He couldn’t explain it, but he somehow began feeling real. He had this job. He had this tiny studio apartment over on Thirtieth Street and Tenth Avenue. He had had to bribe the super for it. It was a six-flight walk-up with a slanting, rotted floor and a dark, dangerous shower that he sometimes entered with rubbers flapping on his feet. The neighborhod wasn’t so great either; he had to pick his way over the winos and around the steady, insinuating hiss of the dealers. But he had three big windows and lots of light; he had so few roaches he never even bothered to buy boric acid, let alone sprinkle it in the corners; and he could walk everywhere.
He loved coming home. He’d open his door and just beam because the place was his, because he didn’t have to share it or clean it or hide one thing in it. At first he didn’t want anyone stepping into his place except him. He didn’t mind talking to the other tenants as he passed them in the hall—the young mother on four, the old Spanish lady who had three parrots that could swear in Chinese. He liked the sense of community.
But it was different when the old woman knocked on his door and wanted to come inside just to visit; or when the young mother asked to borrow sugar and ended up spending an hour and a half sitting on his sofa bed asking him over and over if he thought the landlord was going to start evicting people. He felt itchy having people in his place. He felt as though they had somehow taken hold of something that was his, as if they were taking that part away with them, away from him.

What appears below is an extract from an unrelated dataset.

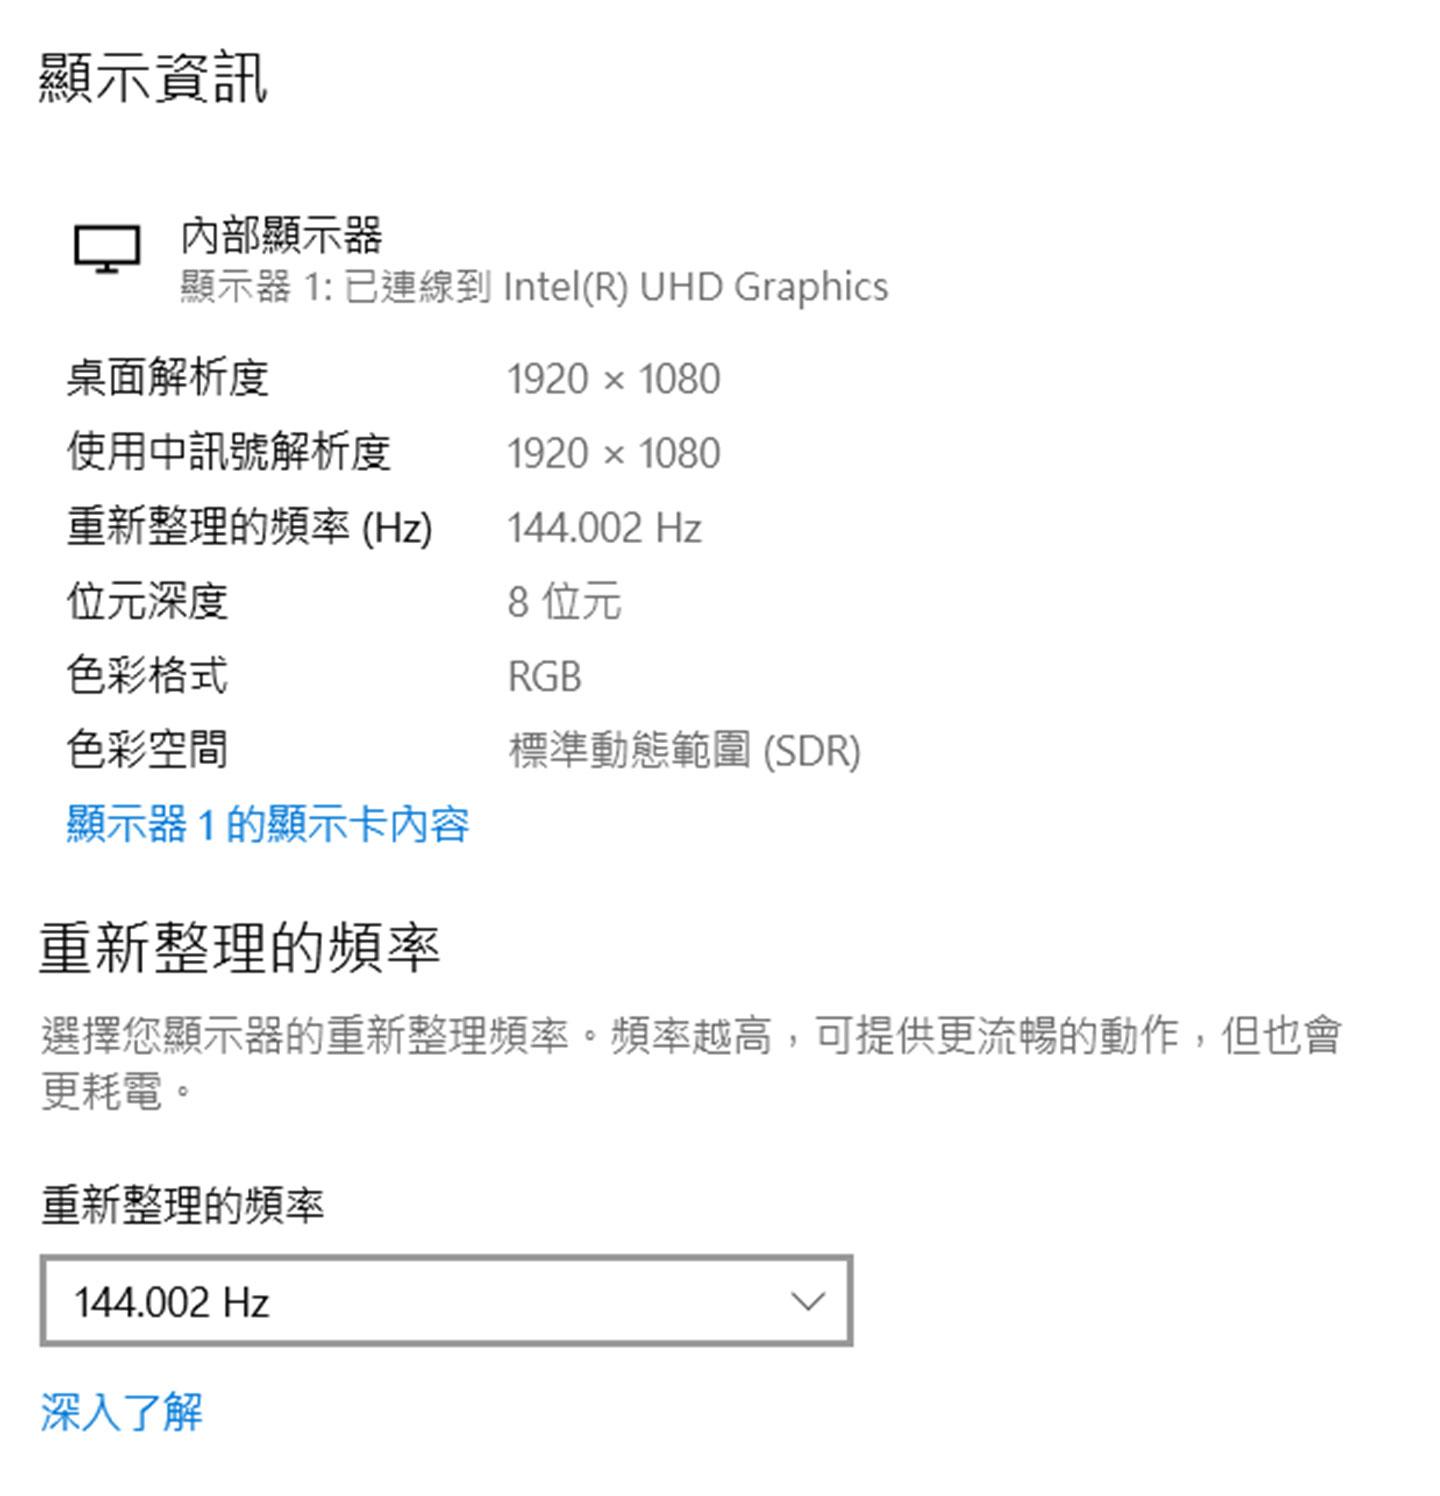 顯示器的系統資訊,可看到刷新率為 144 Hz。

He began creeping up the stairs when he came in, rushing his key in the lock. He played his radio loudly enough so he wouldn’t hear the knocks, and even when he did, he ignored them.
He wasn’t home that much. He had his job, which he loved because it let him travel. Oh, not to anyplace exotic, but he did get to Boston, he did get to Washington, D.C., and at every place he bought postcards and T-shirts, he bought processed snapshots of the city sights. The clients loved him because he was so enthusiastic about their cities, because he actually wanted to see what sights there were. And, too, he was honest, he was an unpushy salesman.
He liked to walk around their shops first. He’d pick up the books and see which ones had jam stains on the pages, which ones had the spines starting to crack, because those were the books the kids loved—he didn’t care what the sales said. Sales were what grandmothers thought their grandkids should want. The whole trick was to promote the books the kids themselves loved, to set them right out front, to lie and say they were the best-sellers if that was the only way to get them into a kid’s hands. He had personal opinions on every book that he showed them; and despite what his company told him about “creative” selling, he had read every one.
His clients began to know him by name. He had a boss who shared an occasional beer or two with him. And in hotels, it didn’t matter that he was alone, that he had one glass of wine in the bar alone, that he went upstairs early, because it was all part of working, all part of who he was now.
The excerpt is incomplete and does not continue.